The policy, an extended form of business- interruption insurance, would cover Saucony’s gross profit loss and extra expenses resulting from a trade disruption at specified locations for a period of up to 90 days. Umana estimates the losses covered by the policy could amount to more than $20 million.
Saucony pays a yearly premium of more than $100,000 for the coverage, which carries a waiting period of 30 days before it would kick in. While the company would be “riding out the storm” for the waiting period, on the 31st day it would become retroactively covered for the first 30 days, Umana explains.
Saucony cut its insurance costs by assuming its own risk during the waiting period, which functions like an insurance deductible, Umana says.
In assessing his company’s risks, the 38-year-old CFO and senior vice president is aided by J.H. Albert, a risk management consulting firm based in Needham, Mass. For a fixed fee, the firm looks for gaps in Saucony’s property-casualty insurance, helps it get bids from insurers, and assesses pricing.
But Umana also bases his risk assessments on his own experiences in Asia. During a 10-day trip in December 2000, he traveled with Saucony’s chief executive officer and a board member to its suppliers’ five main factory operations in Guangzhou and Shenzhen, cities in China’s Guangdong province.
On the trip, the executives conveyed their expectations of quality performance to the suppliers, citing the metrics of the supplier subset of Saucony’s balanced scorecard.
Umana recalls the time as one “of relative calm,” with talk consisting largely of the trade advantages of China’s entry into the World Trade Organization.
Now that the crisis involving the recent standoff has abated, Umana thinks there’s “not a need to take additional steps” to manage the company’s “worst-case risk,” a total disruption of its supply chain in China.
But conflicts that fall short of full-blown international crises also pose risks for the company, he notes. At the same time, he adds, a large-scale crisis may have little effect on a company with operations outside the center of the conflict.
“There could be political uprisings in a province that could involve just one supplier or two,” he says.

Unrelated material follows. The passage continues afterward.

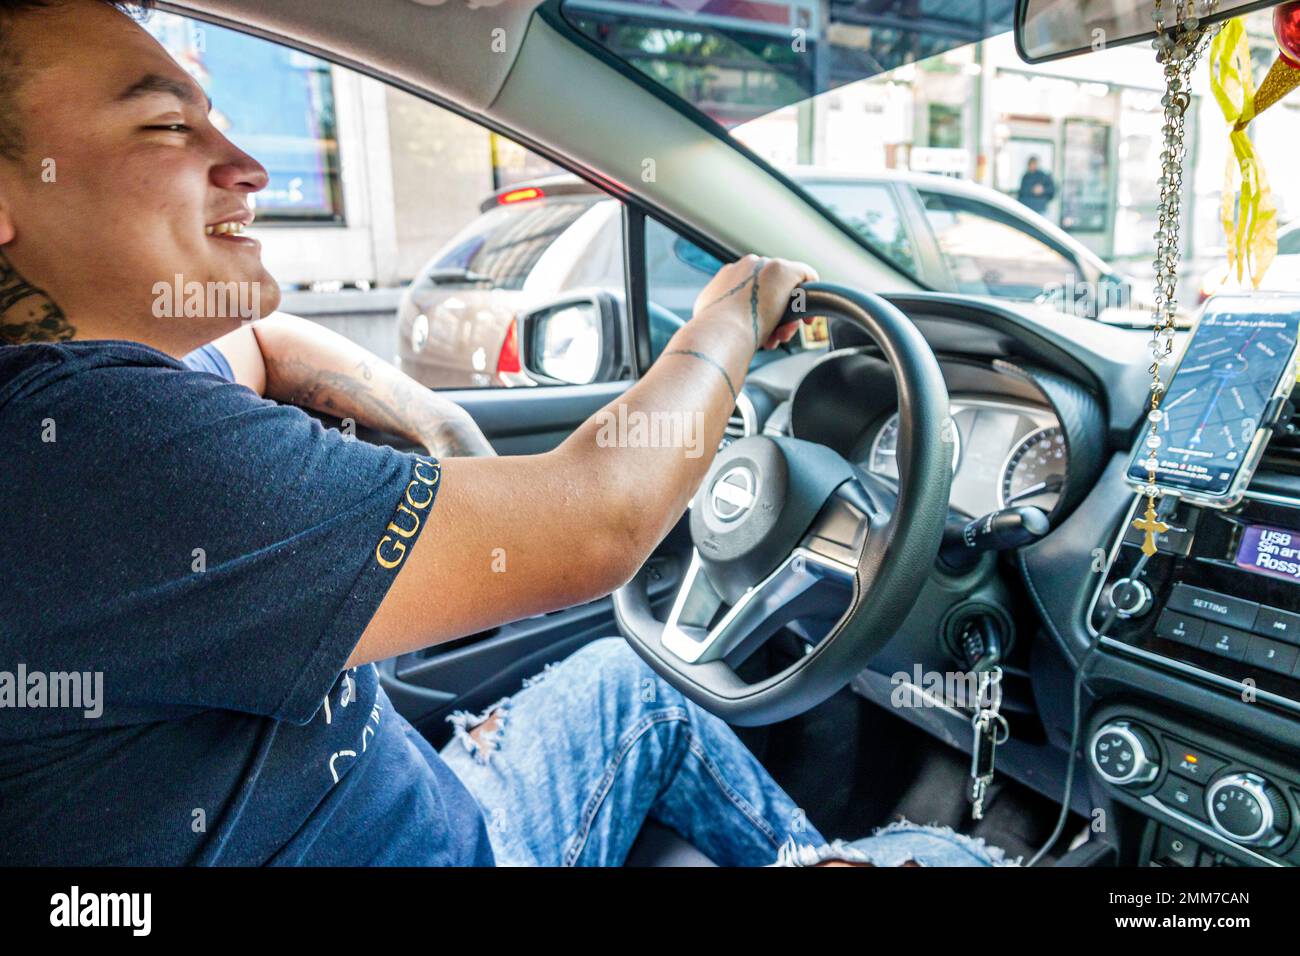 Mexico, uber conducteur conduite service de transport en voiture, homme hommes, adultes, résidents, intérieur, smartphone smartphones, smartphone i Banque D'Images

Conversely, in his previous position as CFO of the optoelectronics unit of PerkinElmer, a Wellesley, Mass. high-technology manufacturer, Umana found that the company’s Indonesian facilities were unaffected by the country’s widely publicized unrest in 1997.
That’s because PerkinElmer’s Indonesian facilities were in Batam, rather than in strife-torn Djakarta, he notes.
Umana says his interest in risk management is part of his overall focus on operational matters—a departure from traditional CFO concerns like mergers and acquisitions and treasury functions.
“I never wanted to be the traditional finance guy that came out of the audit department,” he adds.
Instead, Umana says, he tends to focus on “delivery systems, productivity measures, the unique users on our Web site.”
Out of this set of concerns, he’s developed “a more preventative approach” than financial officers often have. You “try to get [a risk] off the plate before it hits you in the head,” he adds.
That’s why he’s continuing to keep his eye on developments in China.